Freital-Prozess : Das Urteil ist ein Signal über Sachsen hinaus

Das Urteil gegen die Mitglieder der „Gruppe Freital“ ist gesprochen: Rechtsextreme Straftaten bleiben nicht ungesühnt. Ein Kommentar.

Die Angeklagten stehen in der Justizvollzugsanstalt zu Prozessbeginn im Verhandlungssaal.
Die Angeklagten stehen in der Justizvollzugsanstalt zu Prozessbeginn im Verhandlungssaal.Foto: dpa/ Sebastian Kahnert

Sie wollten mit Sprengstoffanschlägen Flüchtlinge und Linke vertreiben, nun hat der Rechtsstaat den Terror hart geahndet. Das Urteil des Oberlandesgerichts Dresden gegen die rechtsextremen Mitglieder der „Gruppe Freital“ ist ein Signal über Sachsen hinaus. Auch wenn sich eine rassistische Bande vom Wohlwollen eines Teils der Bevölkerung gedeckt fühlt, bleiben gravierende Straftaten nicht ungesühnt. Das ist gerade in Sachsen ein notwendiges Signal. Im Freistaat ist der Hass auf Flüchtlinge besonders laut und die Reaktionen örtlicher Behörden und Politiker oft beschämend lau. Das Urteil zeigt, dass der Rechtsstaat den Vollstreckern der Volkswut doch entschieden entgegentritt. Das ist auch der Bundesanwaltschaft zu verdanken.

 Lieber einmal zu viel hinschauen

Die Anklagebehörde in Karlsruhe geht seit dem NSU-Schock mit noch mehr Energie an braune Militanz heran. Der Fall Freital ist nur ein Beispiel. Die Bundesanwaltschaft hat auch die rechtsextreme Gruppierung „Oldschool Society“ vor Gericht gebracht. Der Rassistentrupp wollte 2015 in Sachsen Moscheen und Flüchtlingsheime angreifen, er wurde gerade rechtzeitig gestoppt. Das Oberlandesgericht München verurteilte die Anführer zu empfindlichen Haftstrafen. Auch bei anderen Verfahren schaltet sich die Bundesanwaltschaft ein, selbst wenn der Verdacht auf rechten Terror  nicht immer der stärkste ist. Aber die Devise lautet, lieber einmal zu viel hingeschaut als einmal zu wenig.

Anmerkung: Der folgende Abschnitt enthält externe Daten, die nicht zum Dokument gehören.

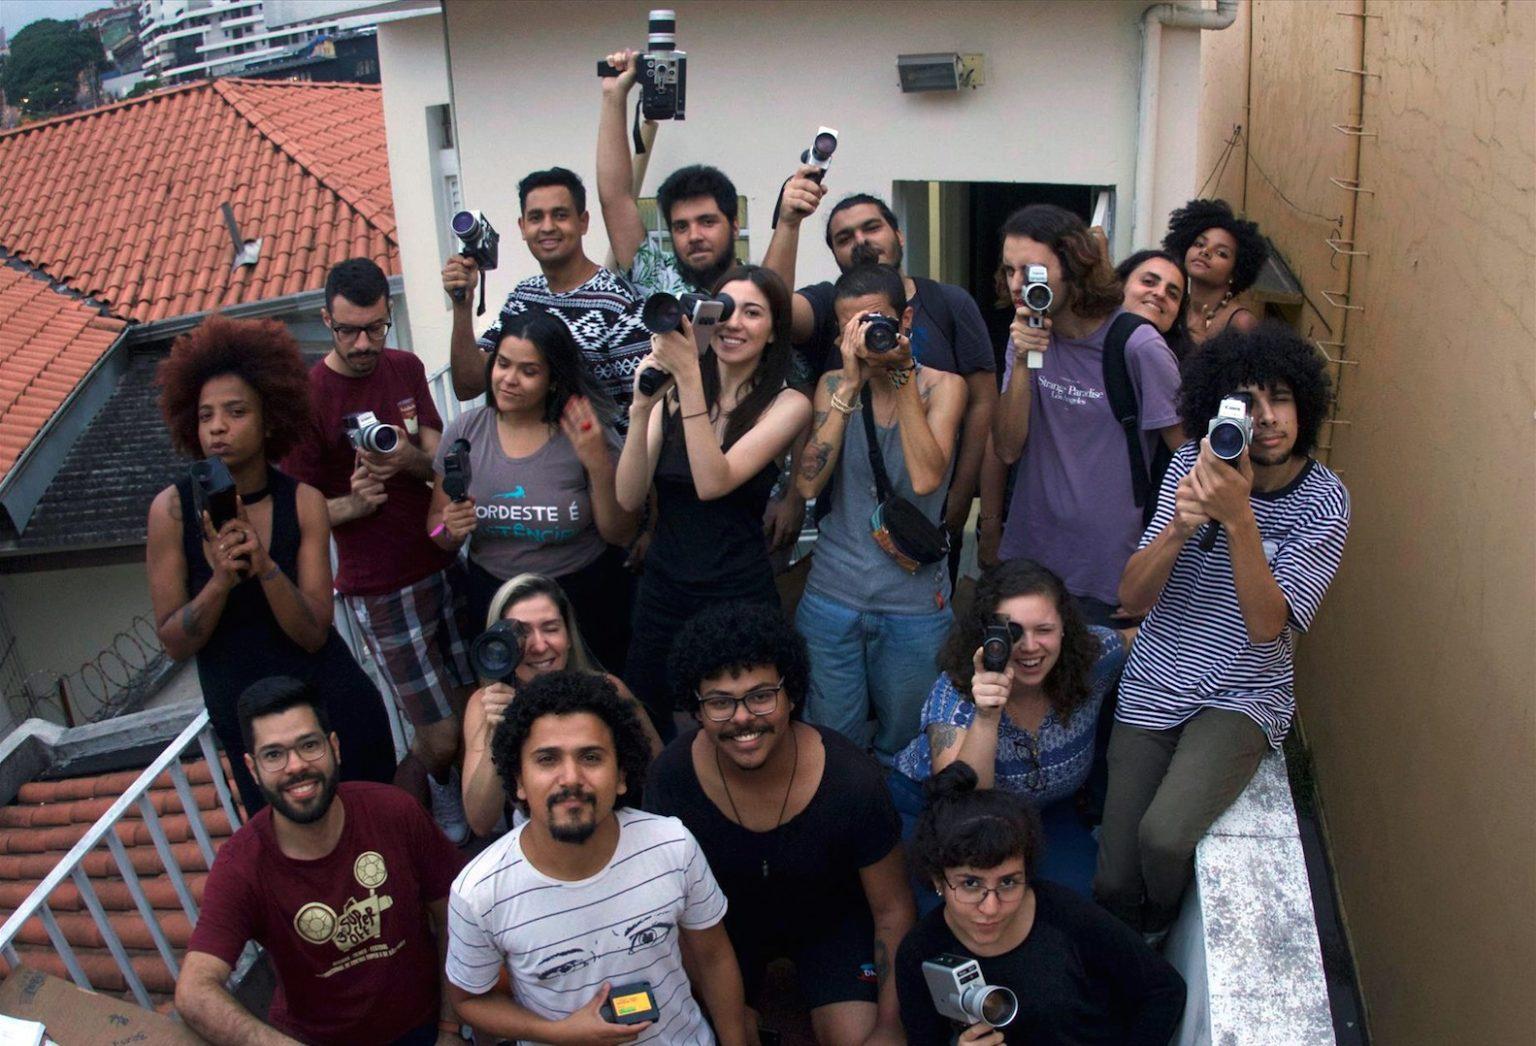 6ª Oficina Super OFF em São Paulo, no StudioCaza (Atual sede do Mundo em Foco), realizada por Felipe Neves, Ivan Salomão, Nayana Ferreira, Lelo (Olanias Almeida) e Rodrigo Sousa & Sousa (2019)

Diese Lehre haben neben der Bundesanwaltschaft auch das Bundeskriminalamt und das Bundesamt für Verfassungsschutz gezogen. Auf Bundesebene ist die Wachsamkeit gegenüber rechtsextremer Militanz gewachsen. In einigen Ländern hingegen, siehe Sachsen, könnte der Elan stärker sein. Und in Rheinland-Pfalz platzte im Mai 2017 der Prozess gegen 17 militante Neonazis nach fünf Jahren wegen Überlänge. Eine Blamage, die der Szene Auftrieb gab.

Immerhin tauschen seit 2012 die Sicherheitsbehörden von Bund und Ländern  im „Gemeinsamen Extremismus- und Terrorismusabwehrzentrum“ Informationen aus. Die Vernetzung ist eine Reaktion auf das Scheitern des Staates bei der Mordserie des NSU. Auch das Urteil im Freital-Prozess ist eine „Frucht“ der  besser organisierten Bekämpfung rechter Gewalt.

Risiko nur punktuell gedämpft

Dennoch bleibt die Terrorgefahr hoch.  Die Urteile gegen die Freital-Gruppe und die Oldschool Society haben das Risiko nur punktuell gedämpft. Auch der NSU-Prozess wird trotz der zu erwartenden hohen Strafen für Beate Zschäpe und  Mitangeklagte die Terrorgefahr nicht nachhaltig mindern. Der Grund ist unschwer zu erkennen, zum Beispiel  in Freital. Die Milieus der rassistischen Wutbürger sind einfach zu groß. Und nicht nur im Osten. Das Spektrum reicht von Pegida über radikalisierte AfD-Anhänger bis hin zu NPD und Neonazis.

Die Mischszene produziert laufend neue Hasstiraden, in den  sozialen Netzwerken oder auch handfest auf der Straße. Politik und Zivilgesellschaft müssten dem Rassismus stärker entgegentreten. Doch dazu fehlt offenkundig die Kraft. Weitere Anschläge auf Flüchtlinge, auf Linke und andere Feindbilder sind wohl nur eine Frage der Zeit.